Big Data Flashcards
Elements that conform Big Data
- Velocity.
- Volume.
- Variety.
- Veracity.
- Value.
Velocity
is the speed at which data accumulates, it generates really fast and never stops.
Volume
is the scale of the data or the increase in the amount of data stored.
Variety
is the diversity of the data, data can be structured, semi-structured, and unstructured. Variety means different sources of which data comes from like machines, people, and processes.
Veracity
it’s the quality, origin of data, and its conformity to facts and accuracy. With large amount of data obtain and accumulated, it needs to be classified as real, false, accurate or reliable.
Value
is our ability and need to turn data into value. Value can be profit, medical, or social benefit.
Big Data Processing Tools
- Hadoop.
- Hive.
- Spark.
Hadoop
It is a Java-based (Text form) open-source framework, allows distributed storage and processing of large datasets across clusters of computers.
Hadoop Benefits
- You can incorporate into the system emerging data formats like streaming audio, video, social media, etc. Along with structured, semi-structures, and unstructured data.

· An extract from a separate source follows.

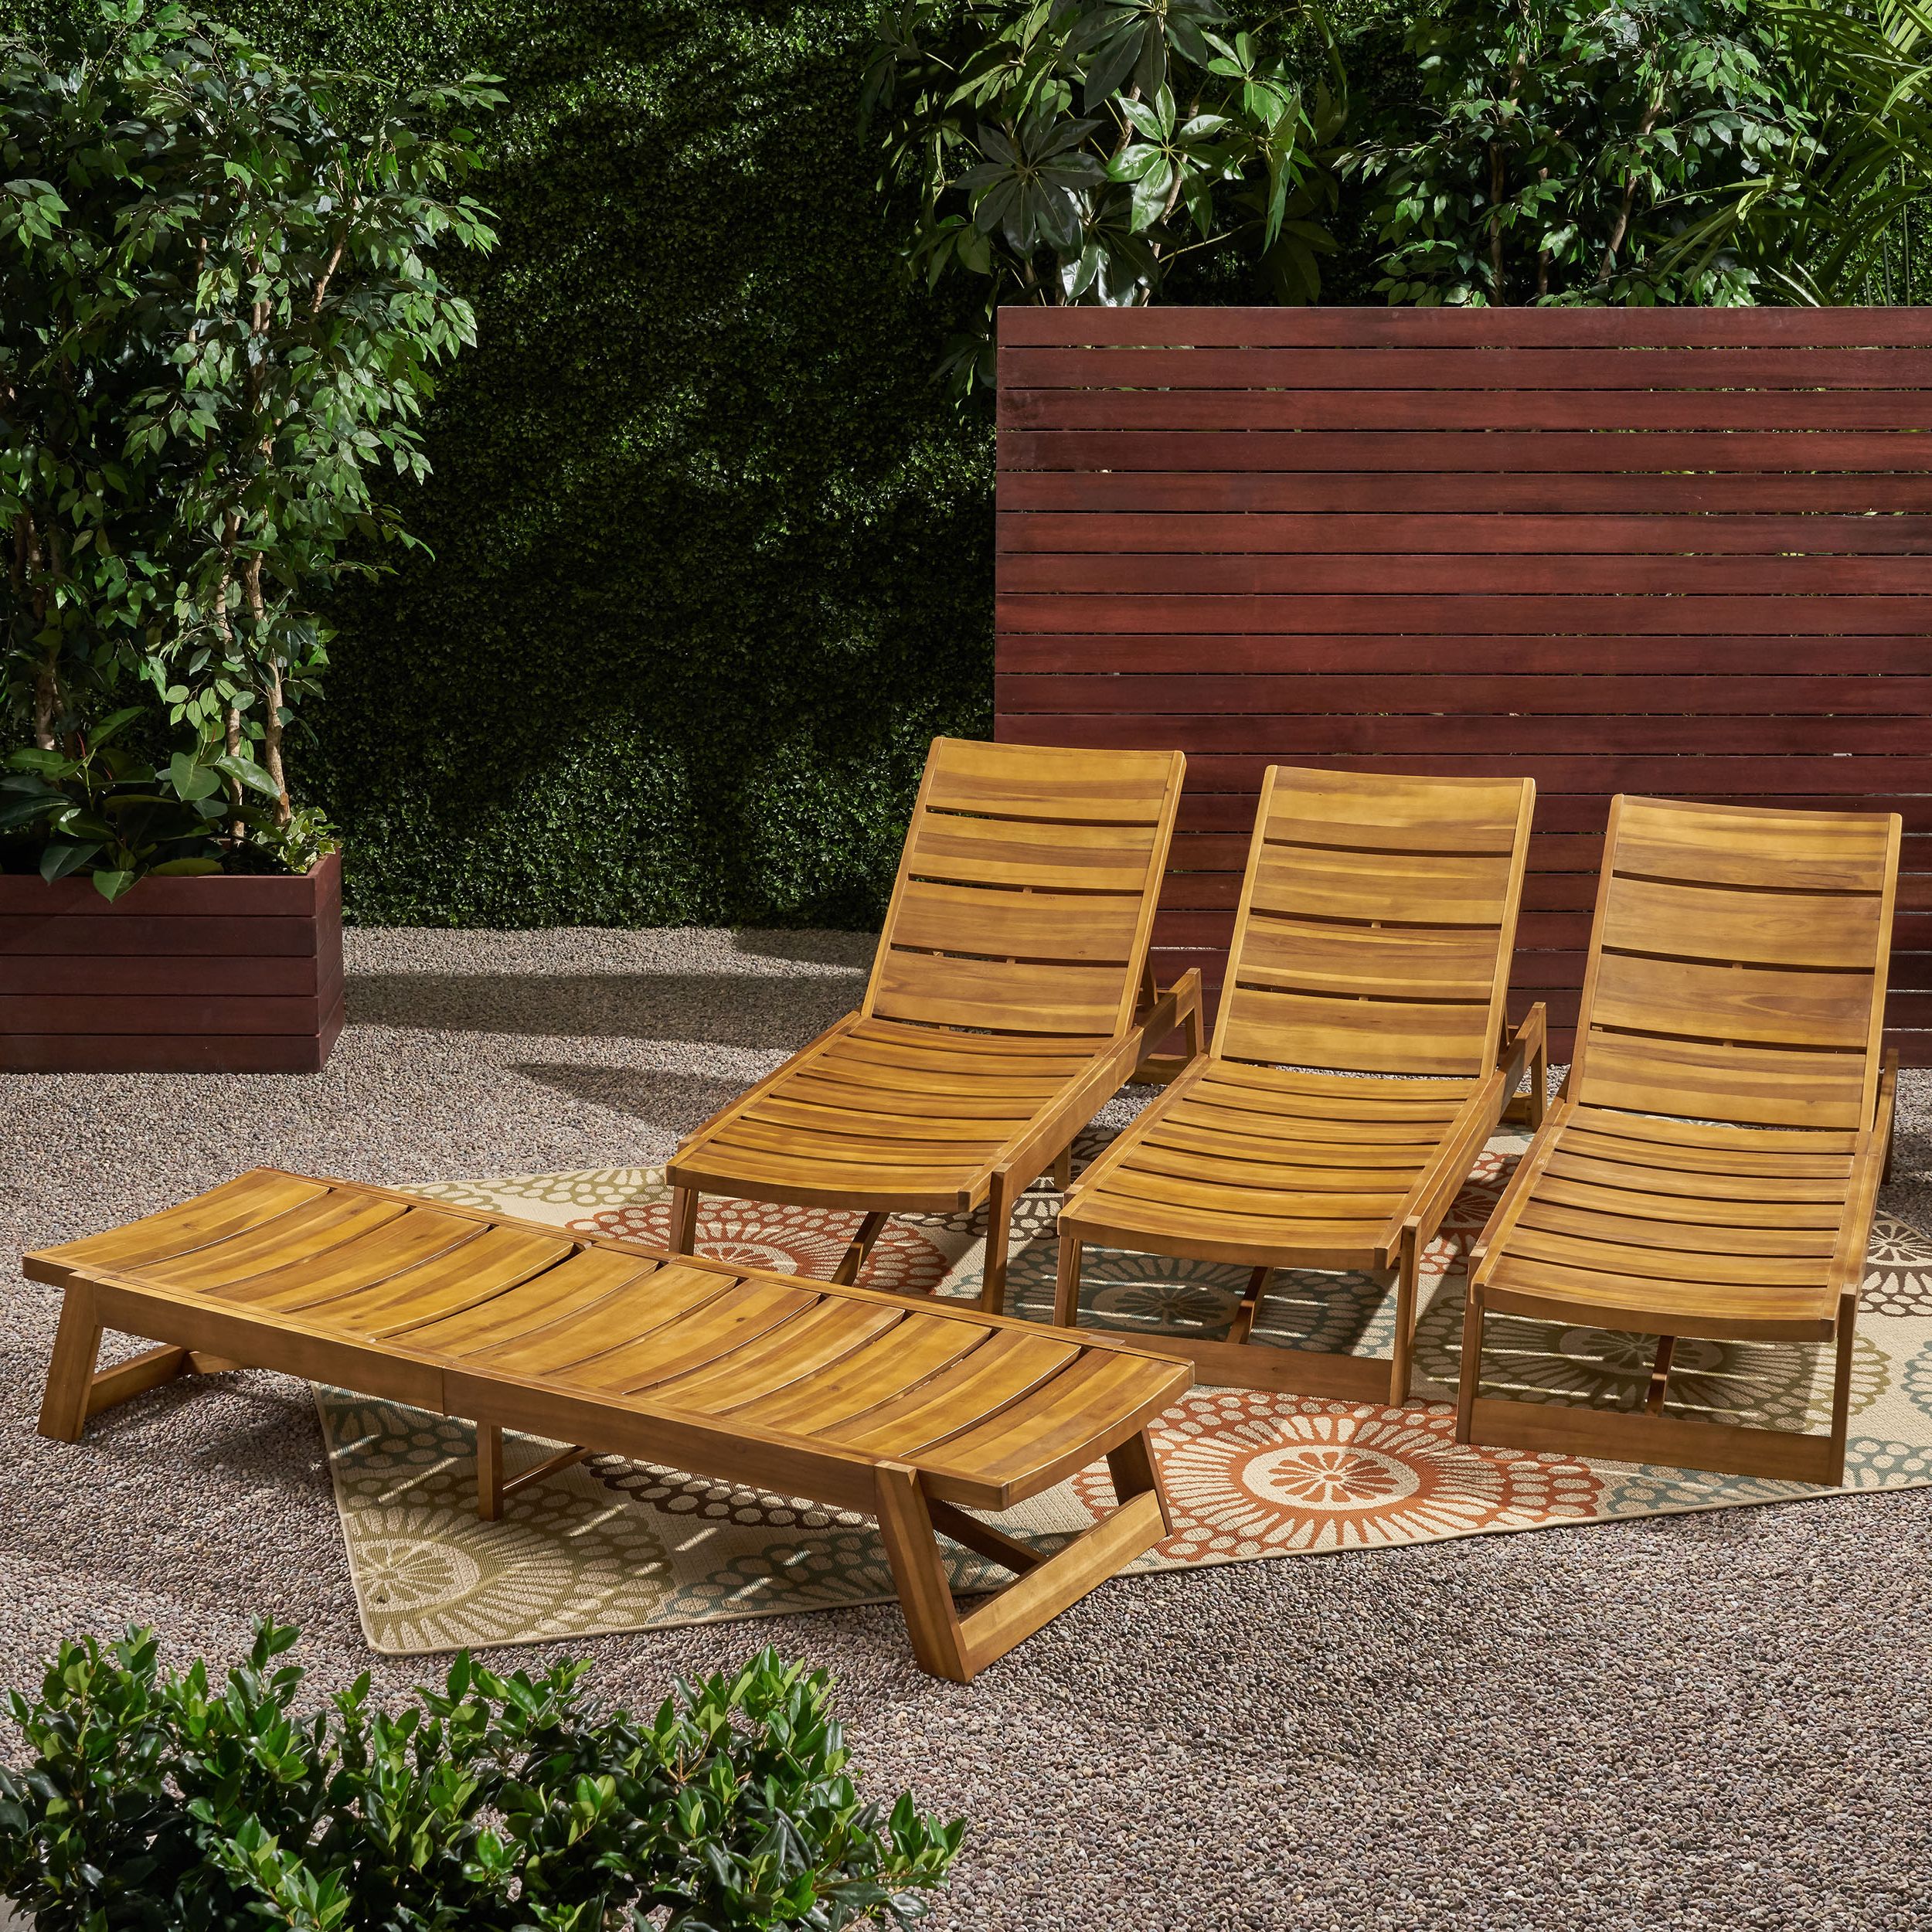 Outdoor Acacia Wood Chaise Lounges And Cushion Sets With Latest Details About Melissa Outdoor Acacia Wood Chaise Lounge (set Of 4) (View 14 of 25)

- Provides real-time access for stakeholders to the data.
- Optimize and streamline costs in your enterprise data warehouse by consolidating data across the organization and moving “cold” data (data that is not frequent use) to a Hadoop-based system.
Hadoop Distributed File System (HDFS)
Storage system for big data.
Hadoop Distributed File System (HDFS) capacities
- HDFS provides reliable big data storage by partitioning files over multiples notes.
- It splits large files across multiple computers, allowing parallel access to them (different specifics spaces to access data).
- It replicates (copies) file blocks on different nodes to prevent data loss.
- Fast recovery from hardware failures, HDFS can detect faults and automatically recover.
- Access to streaming data (videos).
Hive
It is an open-source data warehouse software for reading, writing, and managing large data that are stored directly on Hadoop or other data storage system.
Spark capacities
- Has in-memory processing which increases the speed of computations.
- It has interfaces for major programing interfaces like Java, Python, R, and SQL.
- It can access data in a large variety of data sources, including HDFS and Hive.
- It can process streaming data fast.
- It can do complex analytics in real-time.
Spark
A general-purpose data processing engine designed to extract and process large volumes of data for a wide range of application in real-time.